Standar Biaya Tilang Daerah Belum Ada

Doni/Bengkulu Ekspress MENUMPUK: Kendaran hasil razia Satlantas Polres Kepahiang menumpuk di parkiran, karena menunggu proses sidang tilang.
Doni/Bengkulu Ekspress MENUMPUK: Kendaran hasil razia Satlantas Polres Kepahiang menumpuk di parkiran, karena menunggu proses sidang tilang.

 
KEPAHIANG, Bengkulu Ekspress – Hingga saat ini belum adanya ketetapan besaran denda tilang kendaraan untuk standar daerah di Kabupaten Kepahiang. Akibatnya, pemilik kendaraan yang terkena razia Satlantas Polres Kepahiang harus membayar tinggi denda tilang.

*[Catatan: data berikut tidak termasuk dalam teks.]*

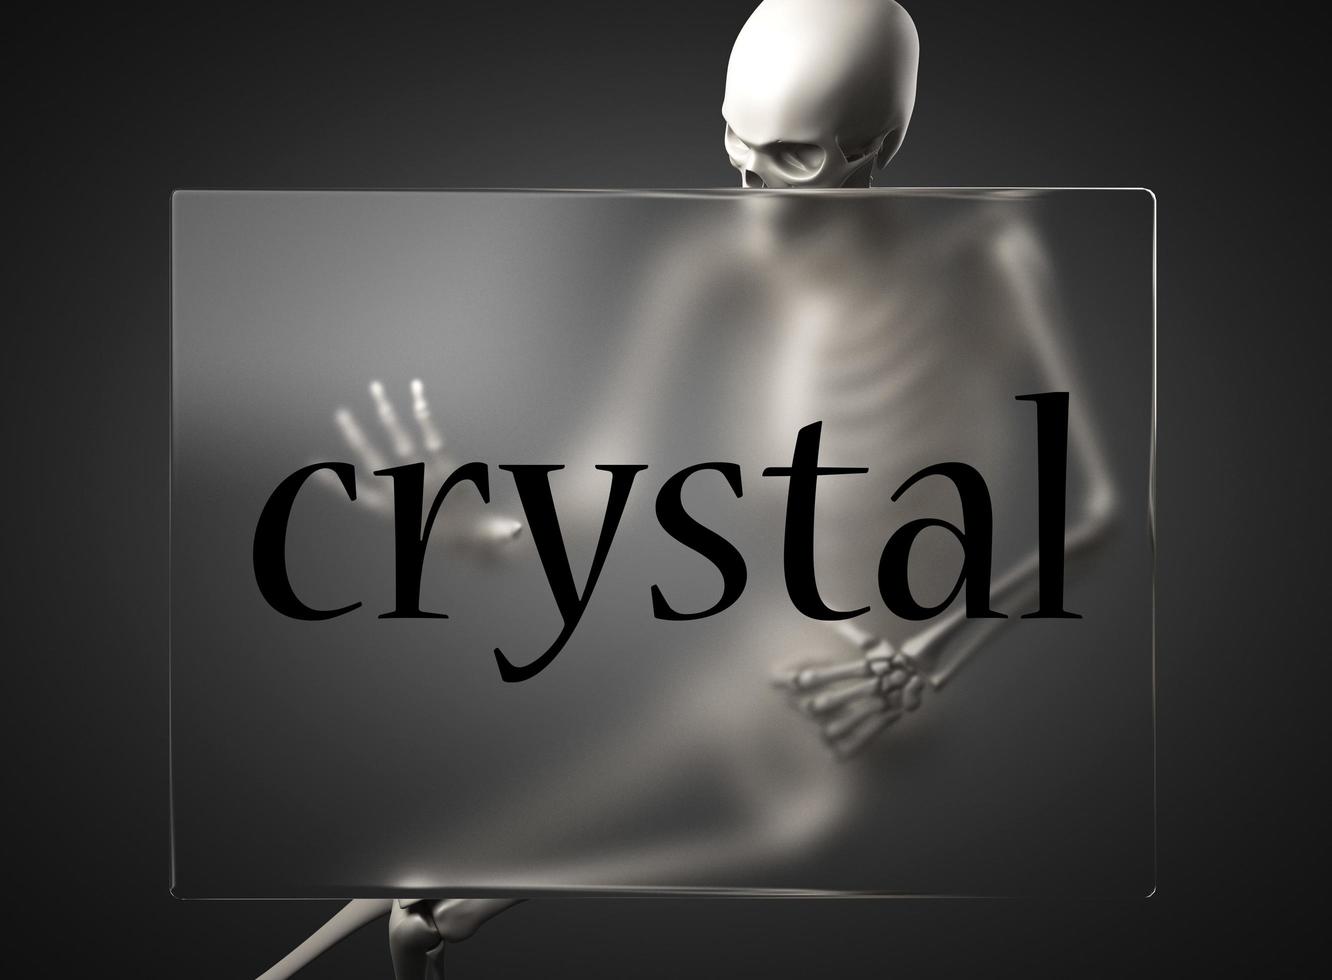 palavra de cristal em vidro e esqueleto foto
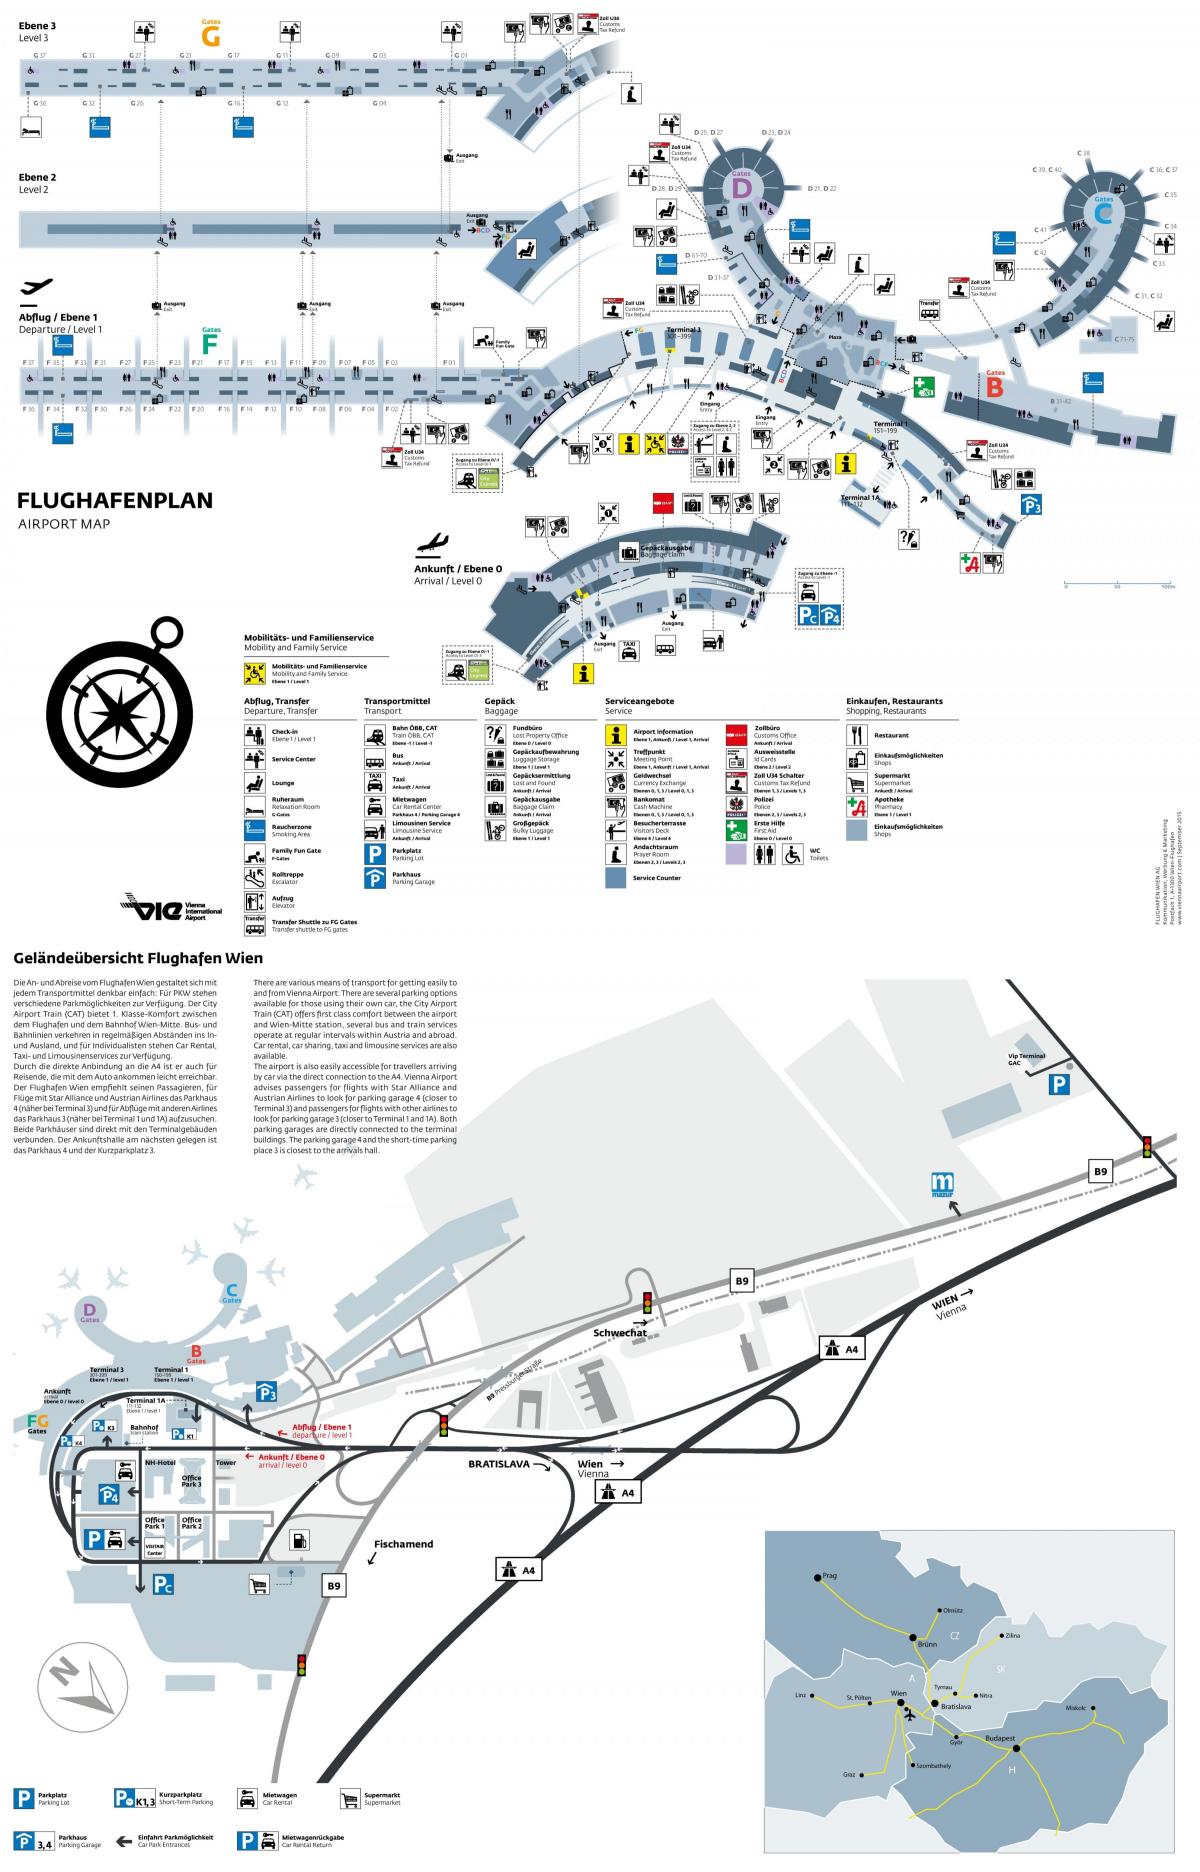 El aeropuerto de viena, las salidas mapa

Hal tersebut diungkapkan Kasat Lantas Polres Kepahiang  AKP Rafenil Yaumil Rahman, Selasa (25/4/2017). Menurutnya, karena saat ini pihaknya tidak bisa melayani titipan denda tilang yang kerap diajukan pemilik kendaraan. Akibatnya, sekarang ini sepeda motor yang dirazia banyak menumpuk di Mapolres Kepahiang.

“Kendaraan itu rata-rata belum melaksanakan sidang, sehingga kita tahan,” ujar Kasat Lantas.

Dijelaskannya, saat ini pihaknya sudah melaksanakan sistem e-Tilang. Sehingga setiap kendaran yang ditilang untuk melakukan titipan denda tilang wajib mengikuti tilang maksimal sebesar Rp 1 juta. Nantinya setelah sidang selesai, maka pemilik kendaraan dapat menarik kembali kelebihan dananya melalui  BRI. “Titip tilang itu Rp 1 juta, itupun di  BRI, tidak bisa di kita karena sekarang belum ada standar denda  tilang daerah,” tutupnya.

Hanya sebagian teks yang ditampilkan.